In another thread, there was a part about where you write "RETURN TO SENDER" on it and push it aside for the day. You can very well do that and it would make it if the police came over that day, see the package, and they wouldn't be able to do anything. Just say you didn't even order a package. After a day, I would say you are good to swoop it up and CONSUME!
-----------------------------------------------------------------------------------------------------------------------------------------------------------------------------------------------------------------------------------------------
XVI. Conclusion
I hope you enjoyed reading my guide! I would like to get more people practicing PGP and using a LiveUSB. Hopefully more people start using it after reading this guide. Shout out to "John Keats" for writing the guide that gave me this setup. Here is a link to his thread (http://dkn255hz262ypmii.onion/index.php?PHPSESSID=06a2f4cff9cdbd6f52bb3116d1beac7b&topic=15383.0).

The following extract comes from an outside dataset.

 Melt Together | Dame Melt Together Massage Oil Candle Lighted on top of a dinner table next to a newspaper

If there is something you want me to add/change, please inform me in this thread or a PM.
-
Thank you for the support! I also have switched completely to Liberte after testing it! It works great and is all I need to use SR!
-
Hi Everyone! I too am using Liberte 2012.3 and I think it works great as an easy setup for non Linux folks.

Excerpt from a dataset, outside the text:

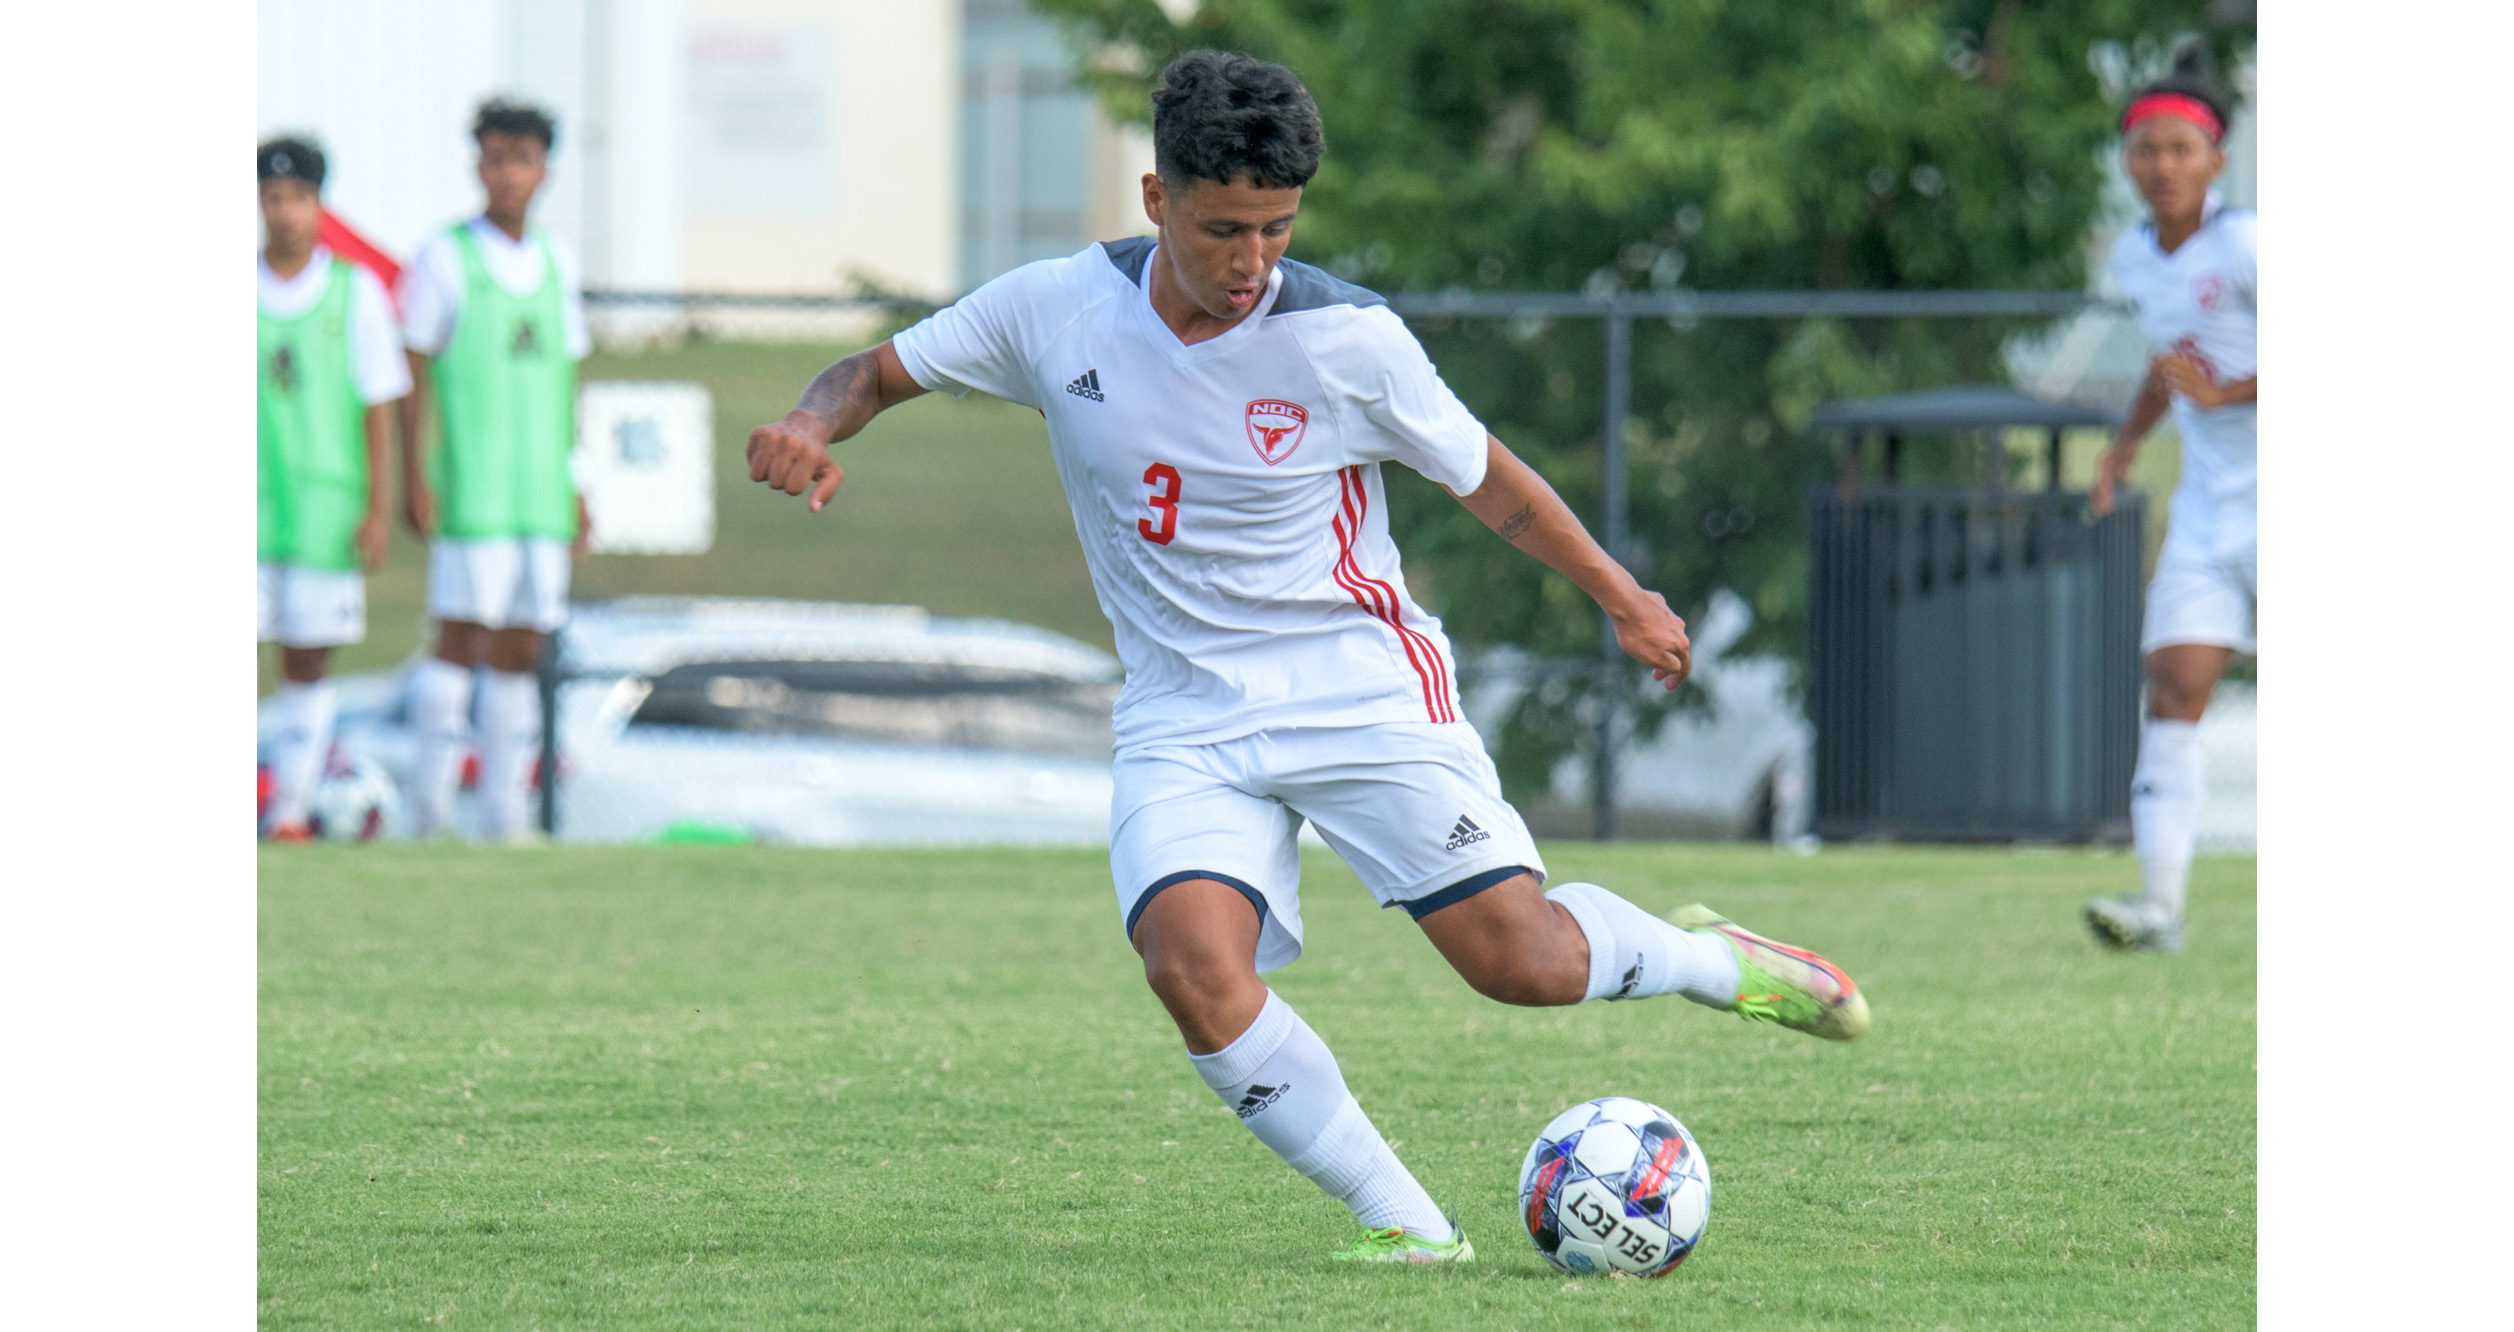 Mistakes cost men's soccer in 3-1 loss to NEO

I know that this thread isn't for Linux support, but I was wondering if anybody would have an idea on how to change a passphrase encryption password for a liveUSB Liberte installation.

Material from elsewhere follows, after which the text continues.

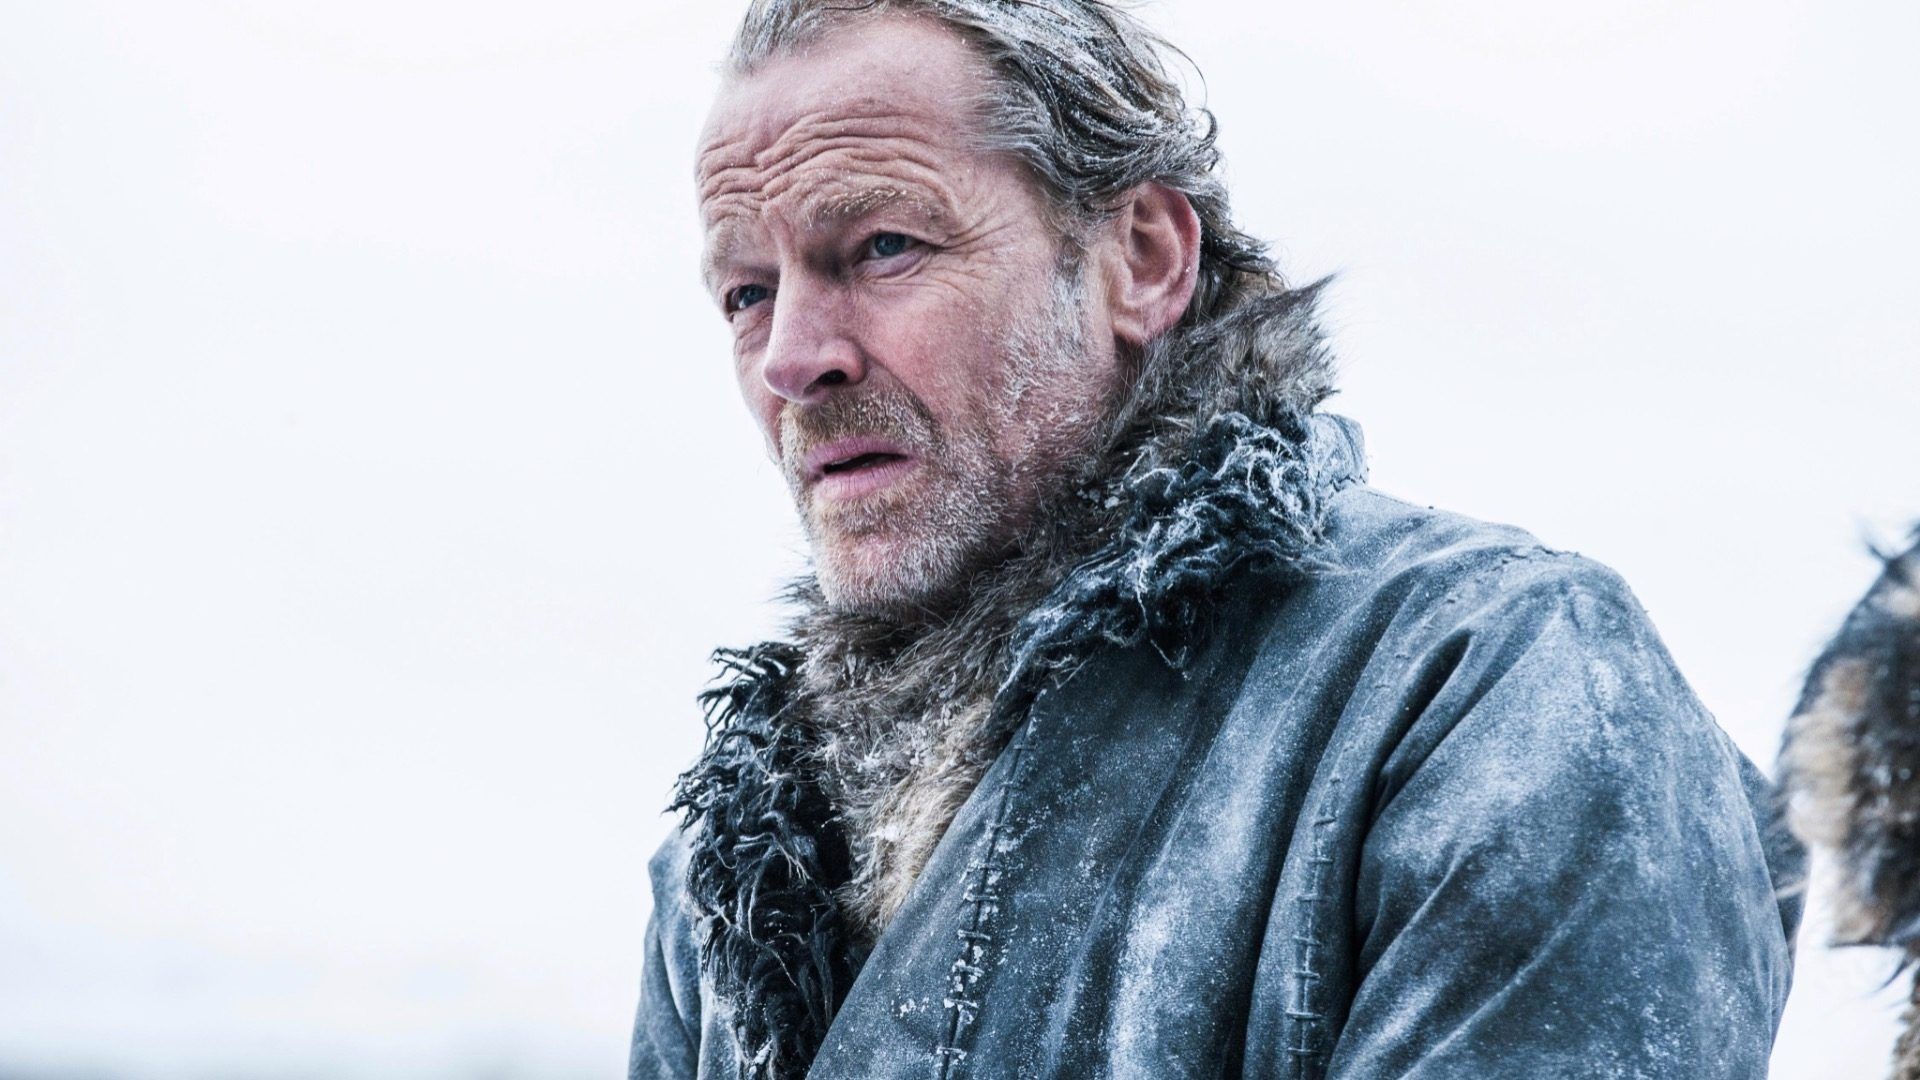 Titans Finds Its Bruce Wayne with Game of Thrones' Iain Glen

The thing is, I got everything setup a month ago now, and after making bookmarks and accumulating important data on my liveUSB install, I realize that my passphrase is not very strong and I would like to change it.
Thank you for starting this thread...
Regards.
-
Really nice thread, but what's the point of using a LiveUSB? Just so all the SR info (username,pass,email,wallets) is on a stick rather than the hard drive? Good move...
Do you use a LiveUSB stick since you have a laptop, then use public WiFi to do BTC & SR business that way?
What if we just use our desktop at home,to visit bitinstant? Then all other sites via TOR. I've got TrueCrypt and it's use it to keep my .txt file ,with all my info, encrypted and hidden.
-
Really nice thread, but what's the point of using a LiveUSB? Just so all the SR info (username,pass,email,wallets) is on a stick rather than the hard drive? Good move...
Do you use a LiveUSB stick since you have a laptop, then use public WiFi to do BTC & SR business that way?
What if we just use our desktop at home,to visit bitinstant? Then all other sites via TOR. I've got TrueCrypt and it's use it to keep my .txt file ,with all my info, encrypted and hidden.
I say your most likely fine, depending on what your buying, to use SR from home without a LiveUSB. Its all just precautions and ease your paranoia. Plus I think its very convenient and easier to use than juggling files around in Windows between directories and into TrueCrypt. Just feels safer to me.
If anything in this guide is now outdated, please LET ME KNOW! I will update accordingly.
Good vibes everybody and hope everyone has a fantastic week!